▶ **INFORMATION SHOWN**
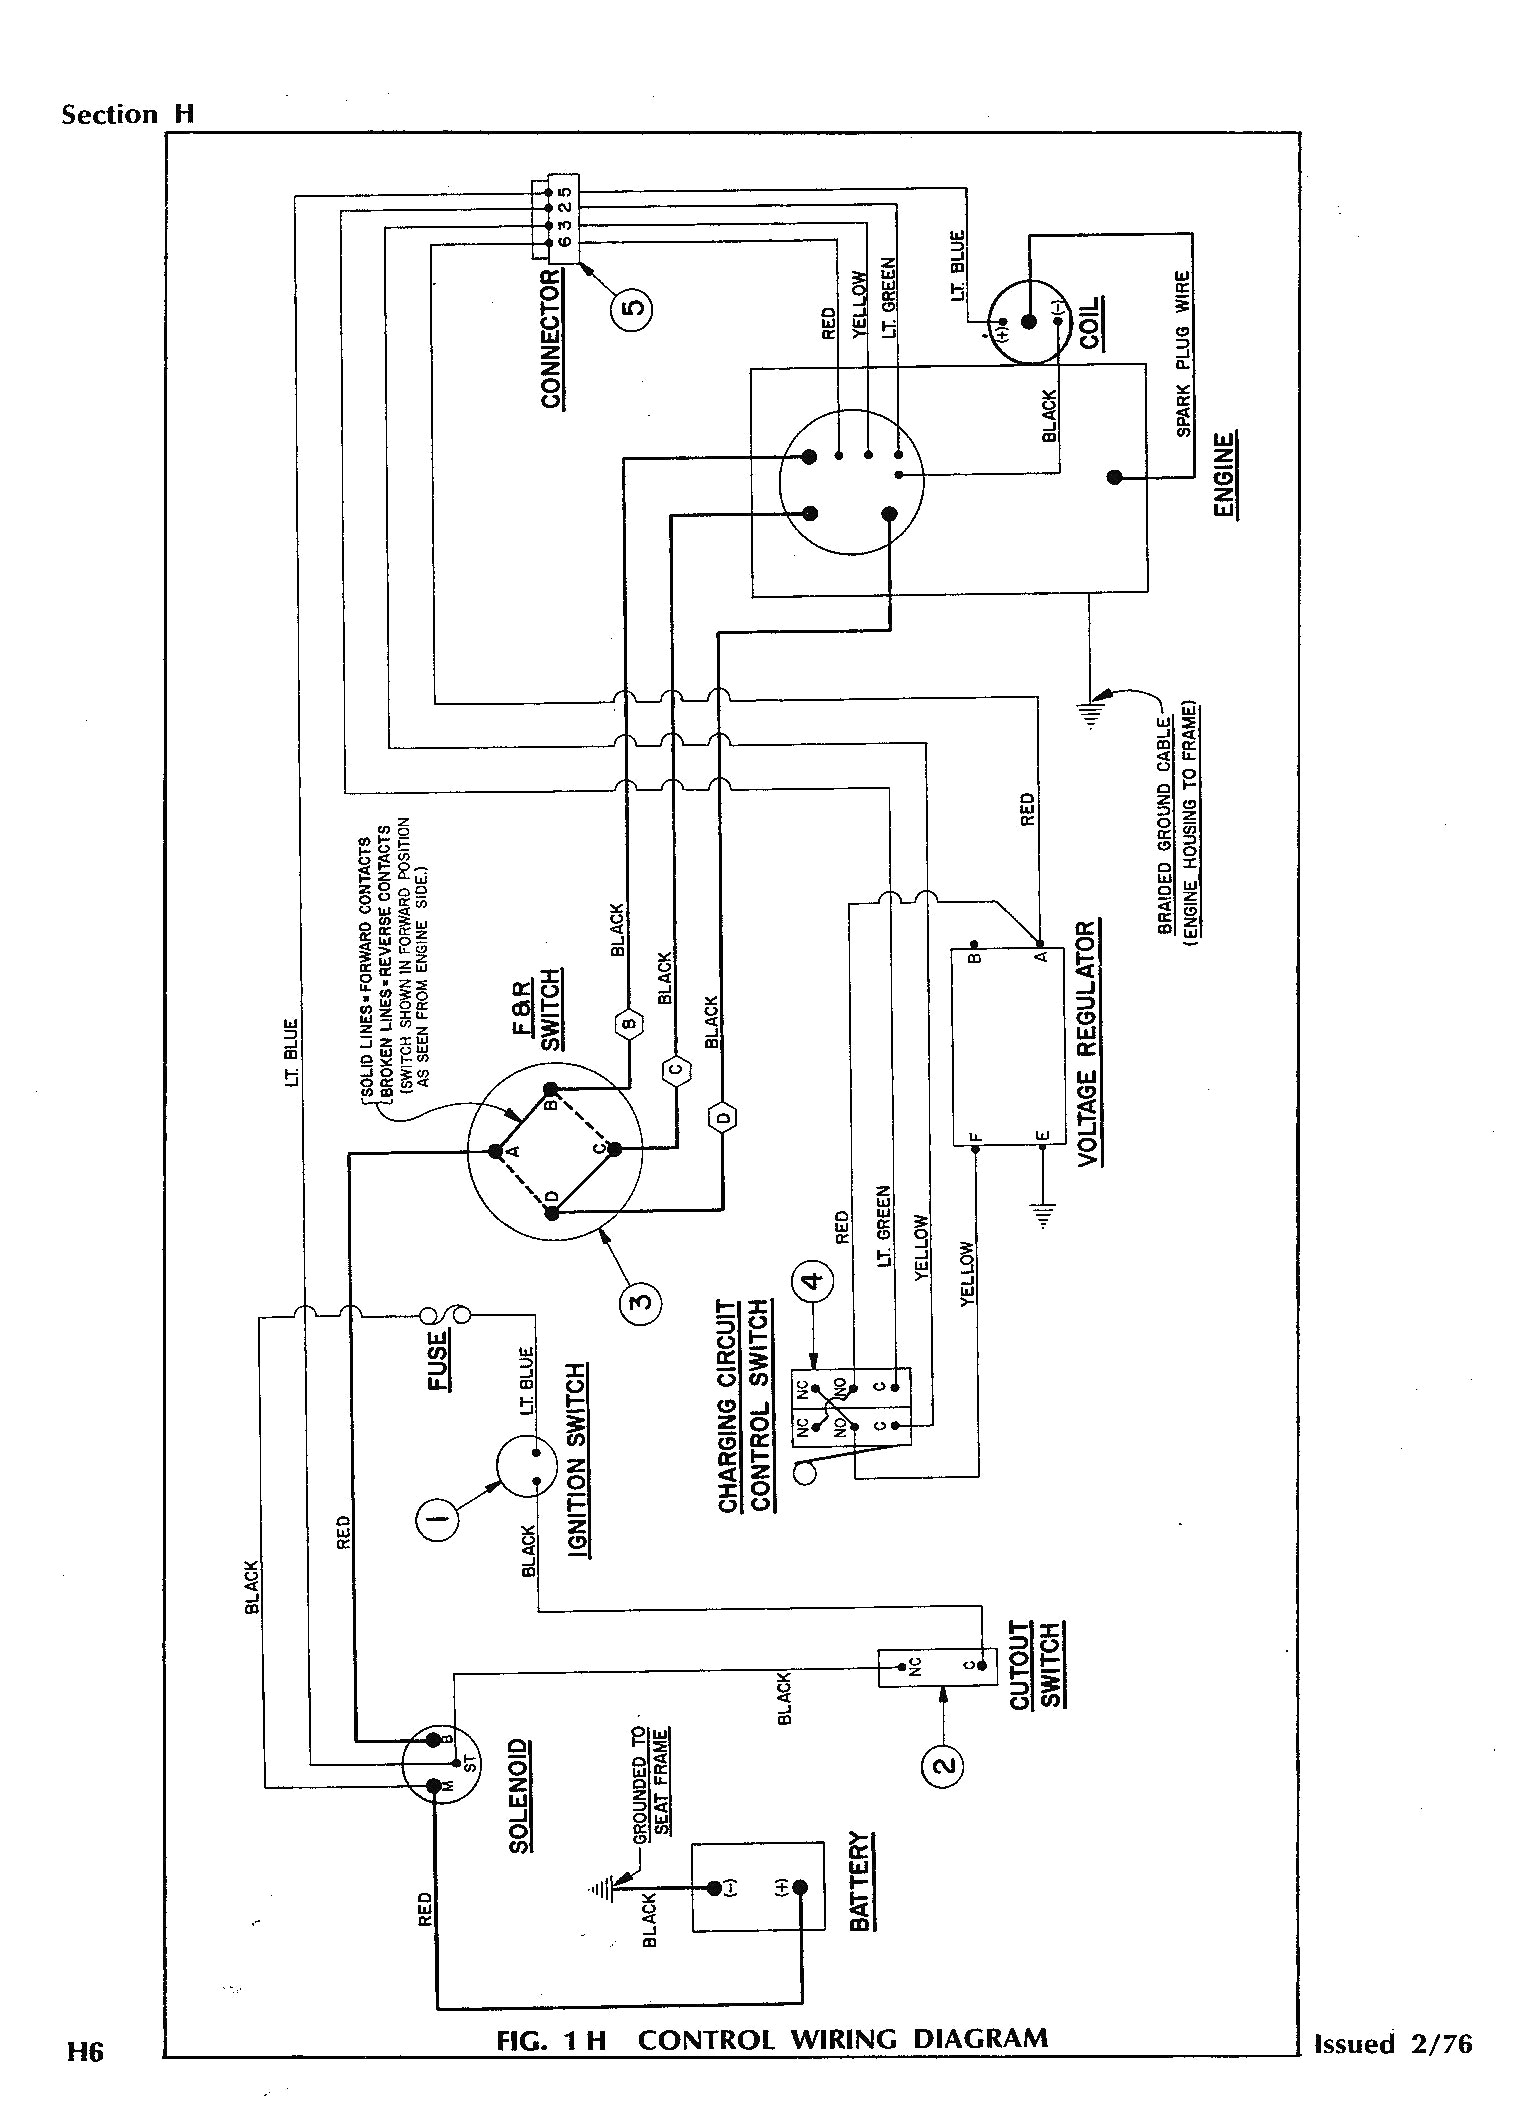 1999 ez go wiring diagram wiring diagram used 1999 ezgo 36 volt wiring diagram 1999 ezgo wiring diagram source 1999 ezgo golf cart
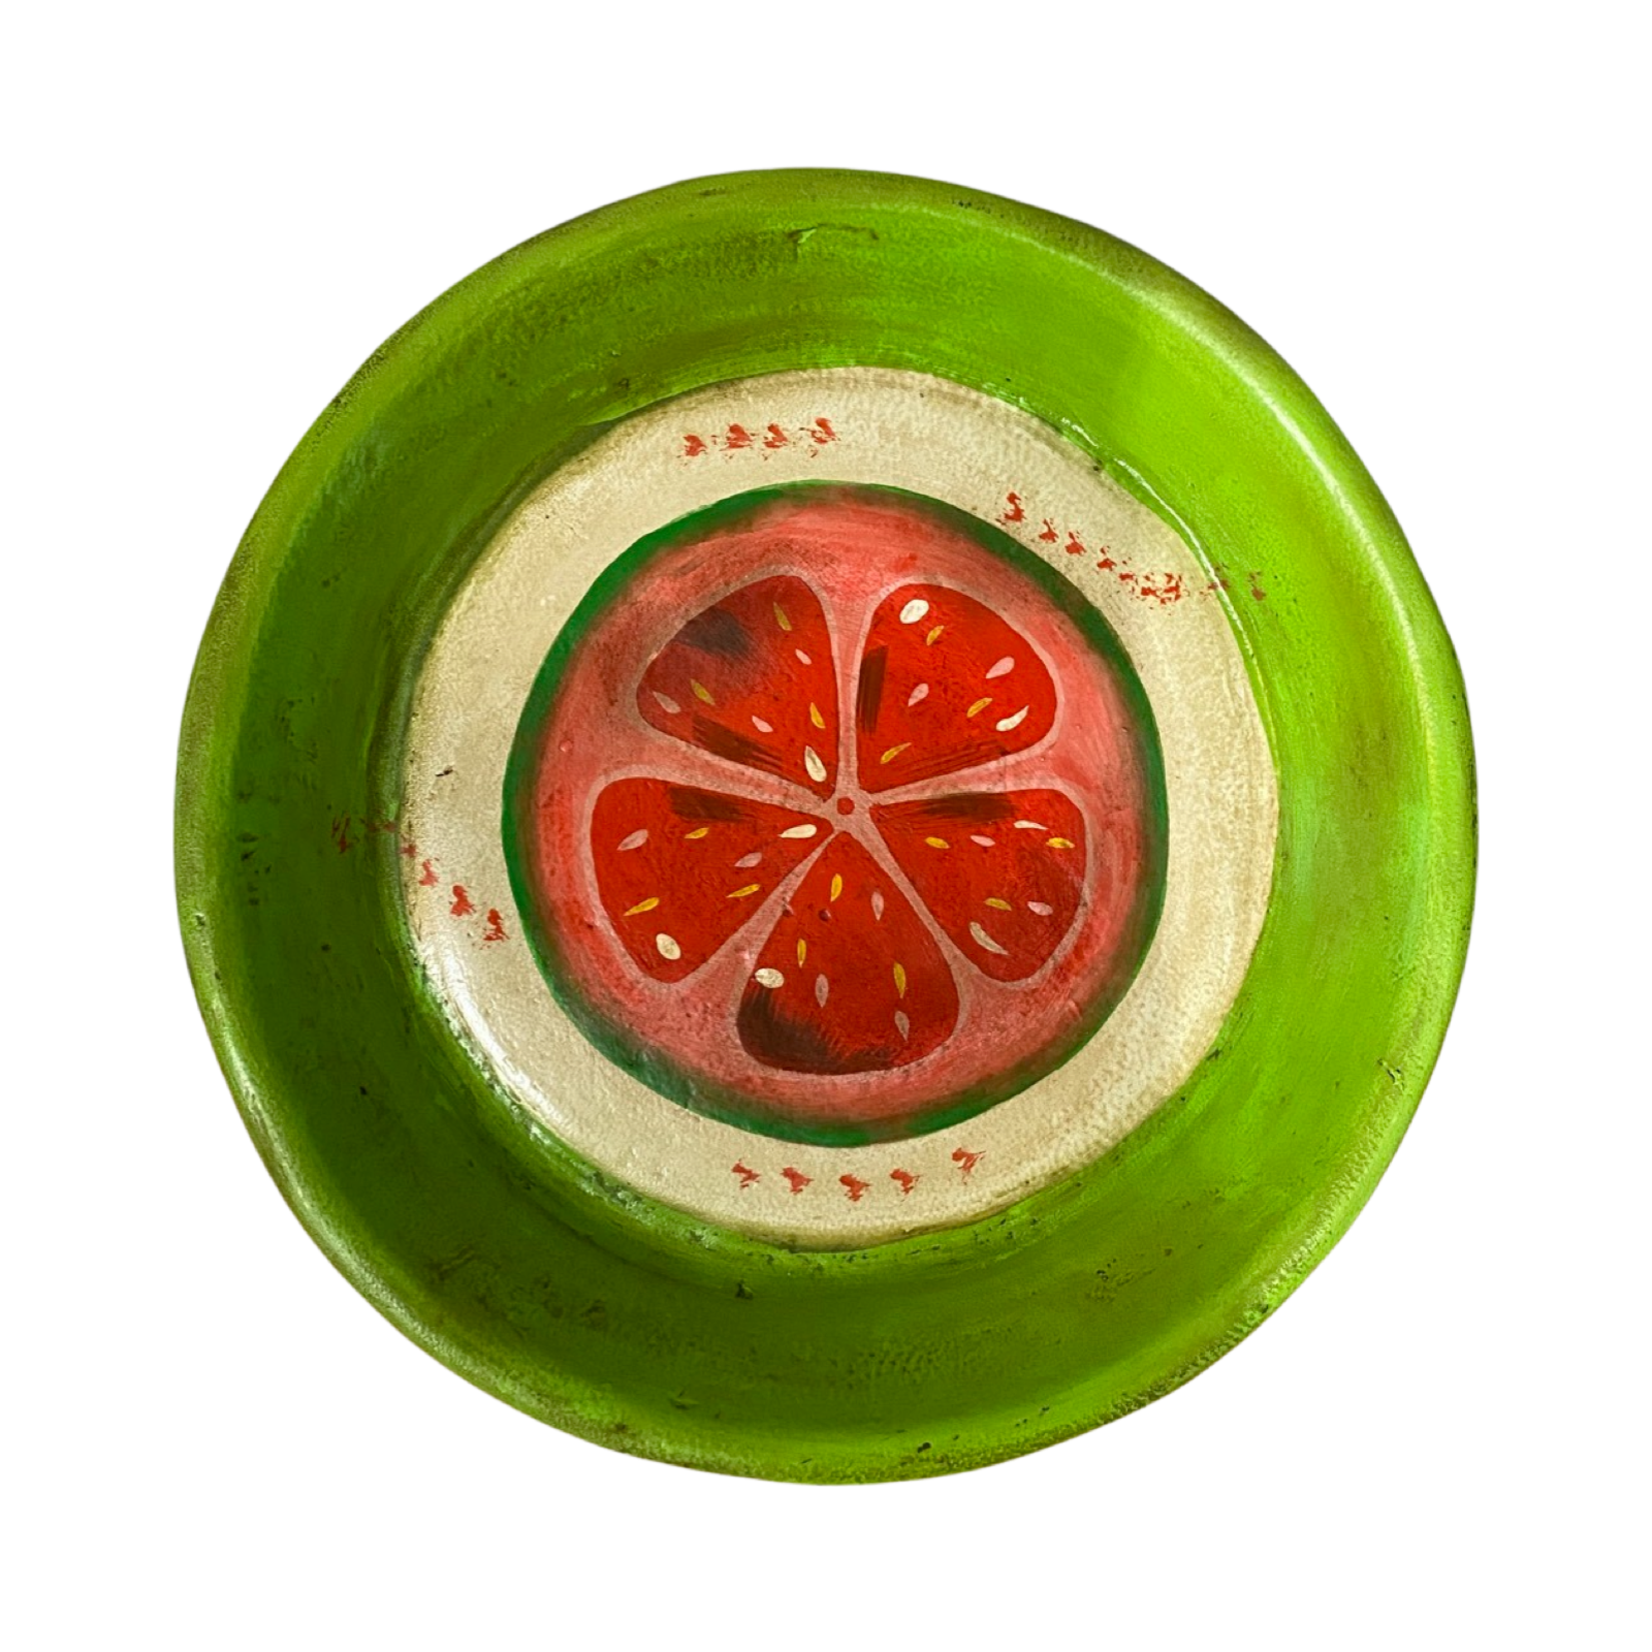 Purpers Choice Groene tray met meloen 37 cm
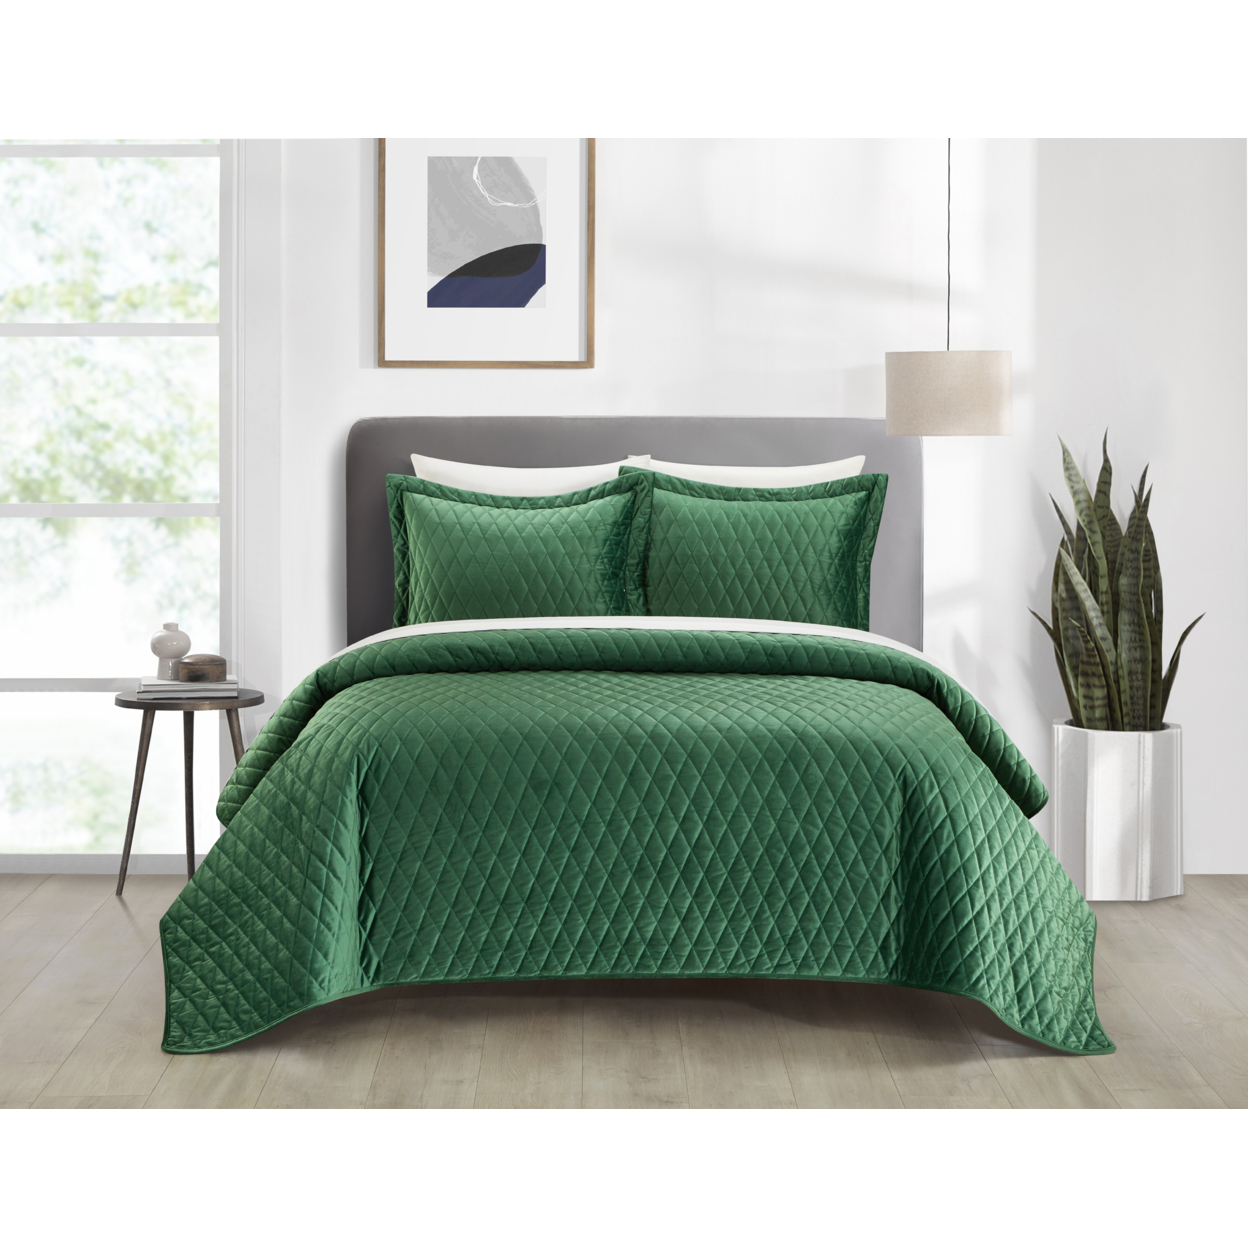 NY&C Home Dafa 3 Piece Velvet Quilt Set Diamond Stitched Pattern Bedding - Green, King

▶ **ACTIVITY**
Once more, please print all the lines above exactly, without their pictures.

▶ **RESPONSE TO THIS TASK**
 1999 ez go wiring diagram wiring diagram used 1999 ezgo 36 volt wiring diagram 1999 ezgo wiring diagram source 1999 ezgo golf cart
 Purpers Choice Groene tray met meloen 37 cm
 NY&C Home Dafa 3 Piece Velvet Quilt Set Diamond Stitched Pattern Bedding - Green, King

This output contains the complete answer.